RS/960 upgrade ... status report

Fri May 1 04:23:18 UTC 1992

	From: William Manning <bmanning at is.rice.edu>
	Subject: Re: RS/960 upgrade ... status report
	Date: Thu, 30 Apr 92 23:07:02 CDT

	Mark said:
	observed during RS/960 testing. The problem involved some aberrant
	behavior of rcp_routed when a misconfigured regional peer router would
	advertise a route via BGP to an ENSS whose next hop was the ENSS
	itself. The old rcp_routed could go into a loop sending multiple
	redirect packets out on to the subnet. The new rcp_routed will close
	the BGP session if it receives an announcement of such a route.  The
	new rcp_routed software also has support for externally administered
	inter-AS metrics, an auto-restart capability, and bug fixes for BGP
	overruns with peer routers.

	        This deployment caused a few problems. One is that this
	new feature of rcp_routed pointed out a misconfigured peer router
	at Rice University in Houston. This caused the BGP connection to
	open and close rapidly which caused further problems on the peer
	router. Eventually the peer was reconfigured to remove the
	bad route, which fixed the problem. Another problem was on the
	Argonne ENSS. This node crashed in such a way that it was

			----------------------------------

	What he did not say:

		The new rcp_routed will (virtually) immeadiately after the
	close, reopen a BGP session and pump all known routes at the BGP peer.
	If the peer is already working on processing the old ones, this adds an
	unneeded burden on the regional peer.  I have not reviewed the spec in
	detail, but there should be something in place to prevent a constant
	cycle of close, open, slam 5k routes, close, open, slam 5k routes,
	close...  well, you get the picture. This points out a configuration
	problem with BGP in the ANS T3 routers, in addition to the less than
	optimal configuration that we had in our ciscos.  

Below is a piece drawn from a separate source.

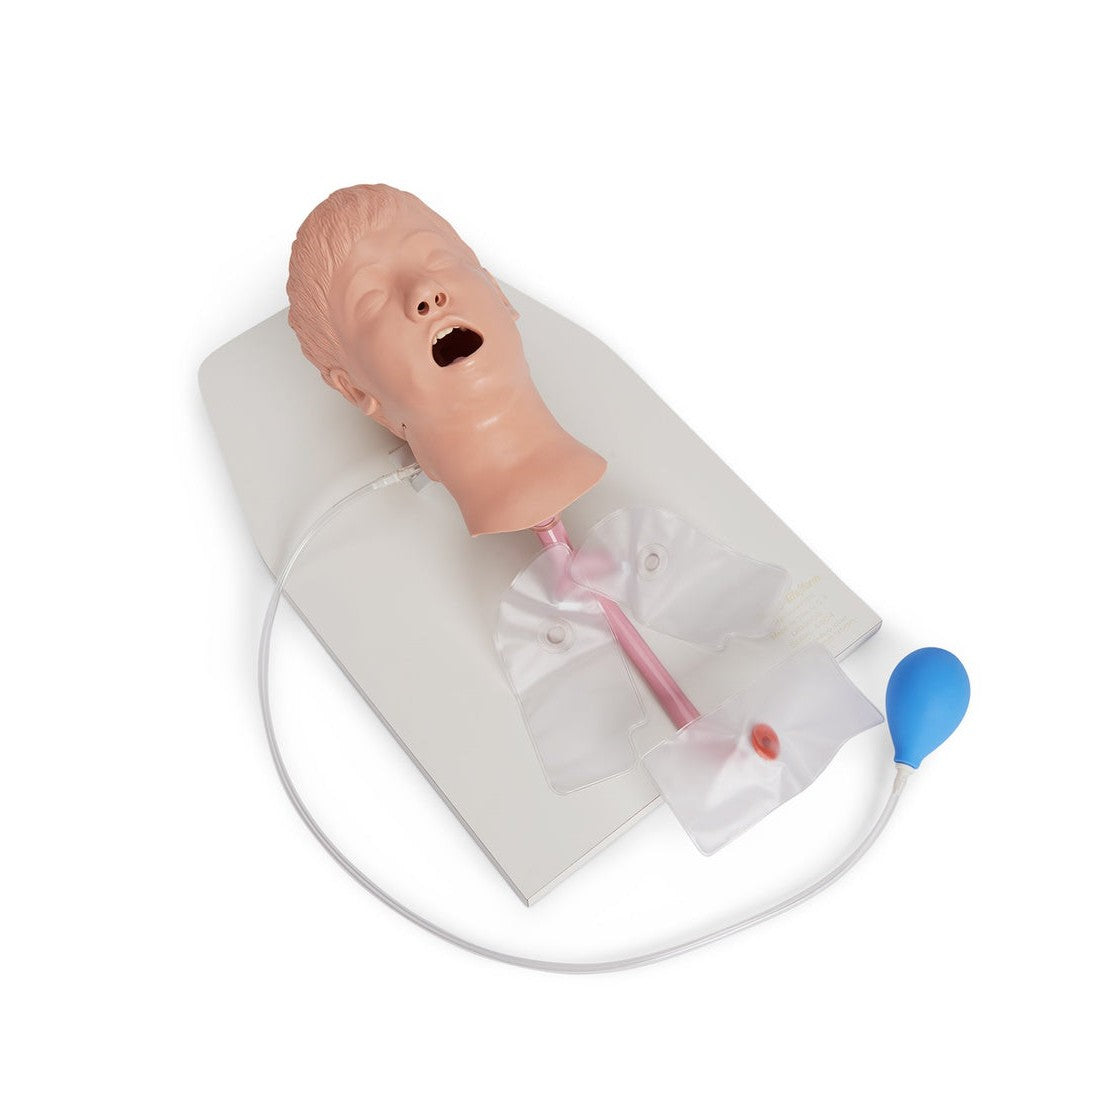 Life/form® Child Airway Management Trainer with Stand

	Just my two cents from the other side of the fence.

Bill,

   Given that we haven't heard of anyone else's peer router dying a horrible
death since the new rcp_routed went in, I assume that the "less than optimal
configuration" isn't a *common* mistake.  But, for the benefit of those of us
who are soon to run BGP (and who seem to have a knack for encountering uncommon
mistakes :-), can you fill us in on what the actual config problem was?  Were
you redistributing your EGP-learned-routes back to BGP or something?

Mark,

    Wouldn't it make more sense for the ENSS to just ignore the offending route
rather than close the BGP session, especially given the lack of a delay before
the session gets reestablished?

Dan